293T cells were transfected with WITO SOS gp160ΔCT and/or MuLV Gag, as indicated in part A). Supernatants were precleared, filtered and 1,000-fold concentrated. Samples were probed by A) SDS-PAGE-Western blot, B) negative stain EM (scale bars are 50nm, white arrows point to candidate Env trimers and green arrows point to possible dissociated spikes, and C) Single vesicle flow cytometry. Upper panels show particle diameters and fluorescence intensities after staining with Alexa-647-labeled PGT121. In the lower panel, we show total particle counts versus Alexa-647 fluorescence. D) Total particle and Env+ particle counts per μl of samples are indicated (left) and % Env+ particles as a proportion of total particles (right). Raw vFC data files and data analysis layouts have been deposited in Flowrepository (flowrepository.org; see S6 Text).

Fig 11. Summary of efforts to develop immunofocusing trimers.

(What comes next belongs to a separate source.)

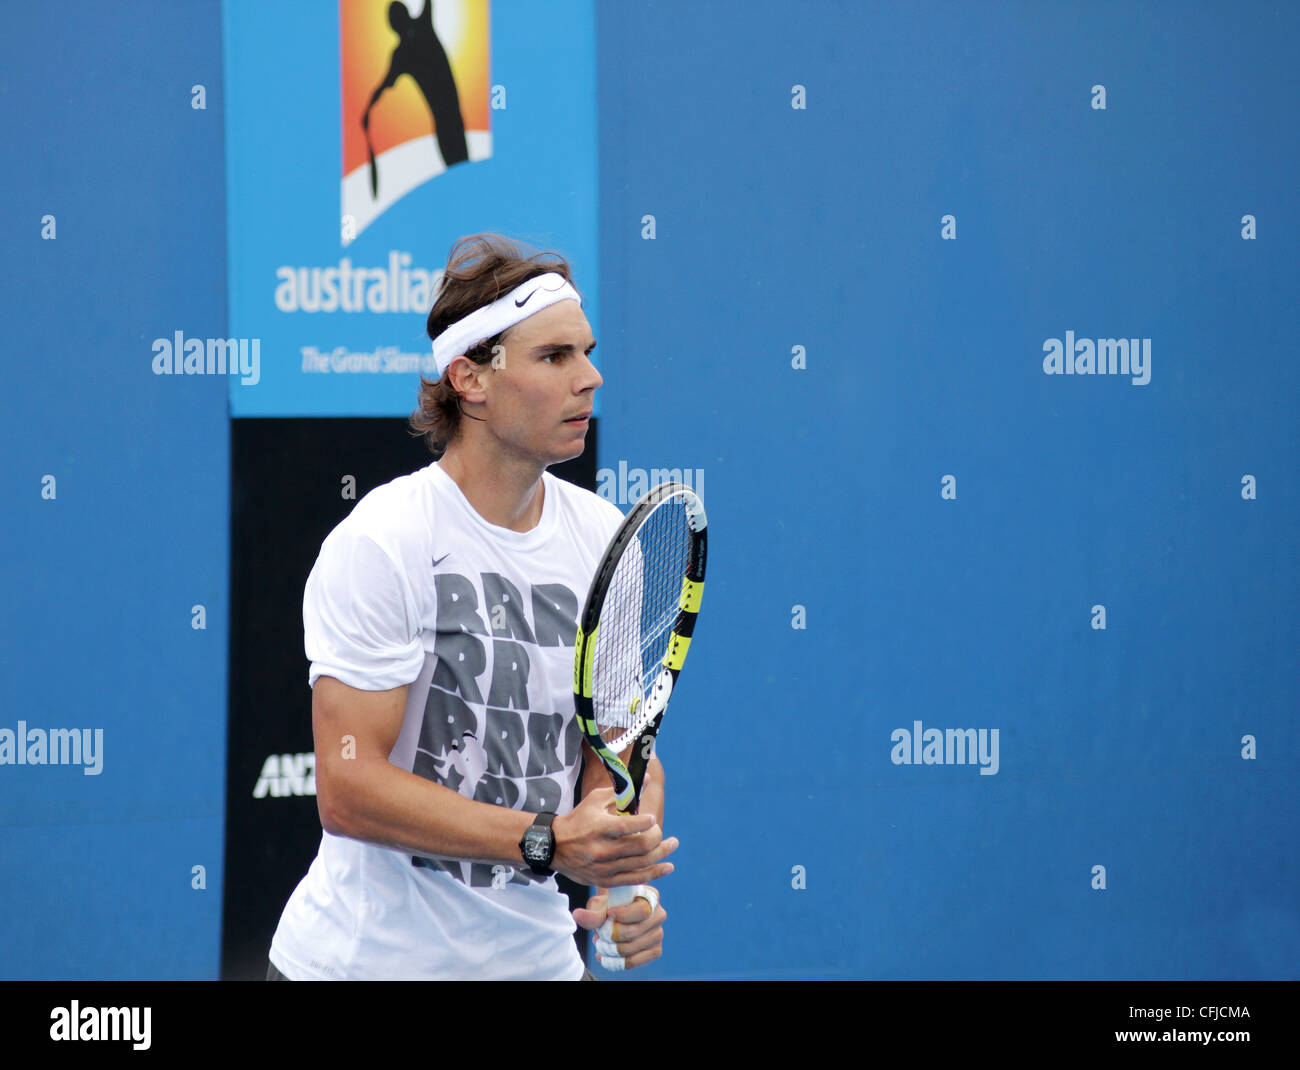 MELBOURNE, AUSTRALIE - janvier 21, 2012 : numéro 2 mondial ATP Rafael Nadal  joueur de tennis hits sur une pratique cour Janvier 21, 2012 Photo Stock -  Alamy
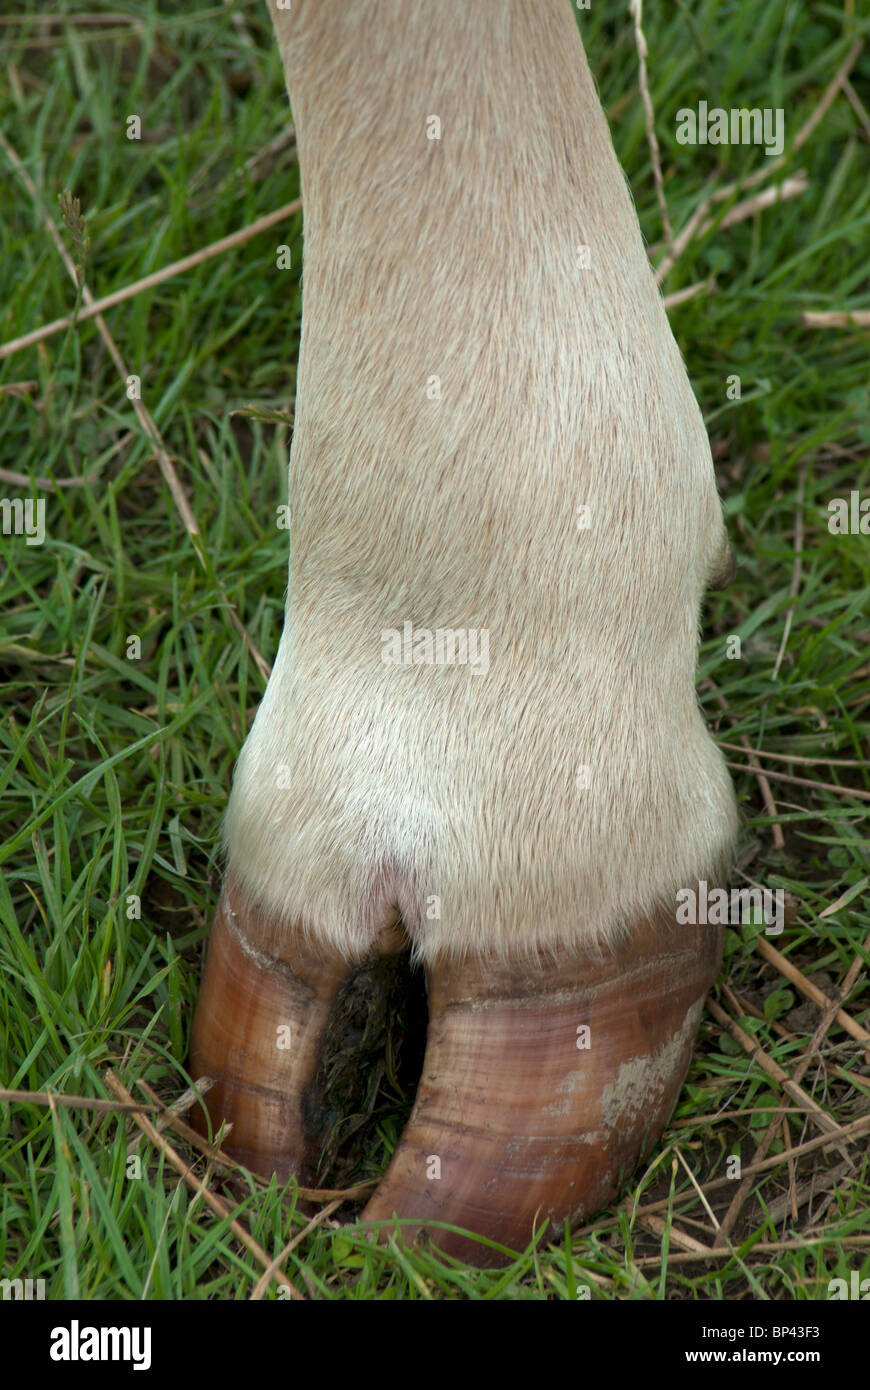 Zoccolo di mucca immagini e fotografie stock ad alta risoluzione - Alamy

The 17 strains are partitioned into groups 1 and 2. The effects of modifications on expression, infectivity and sensitivity to V2 and/or V3 MAbs are indicated. Desired features are depicted in green boxes. Unwanted features are depicted in red boxes. Features of selected clones are shown in the lower rows along with their V3-sensitivities and potential use in vaccine regimens. Asterisks indicate modifications that were made in combination with others, so any effects observed cannot be unambiguously linked to any one modification.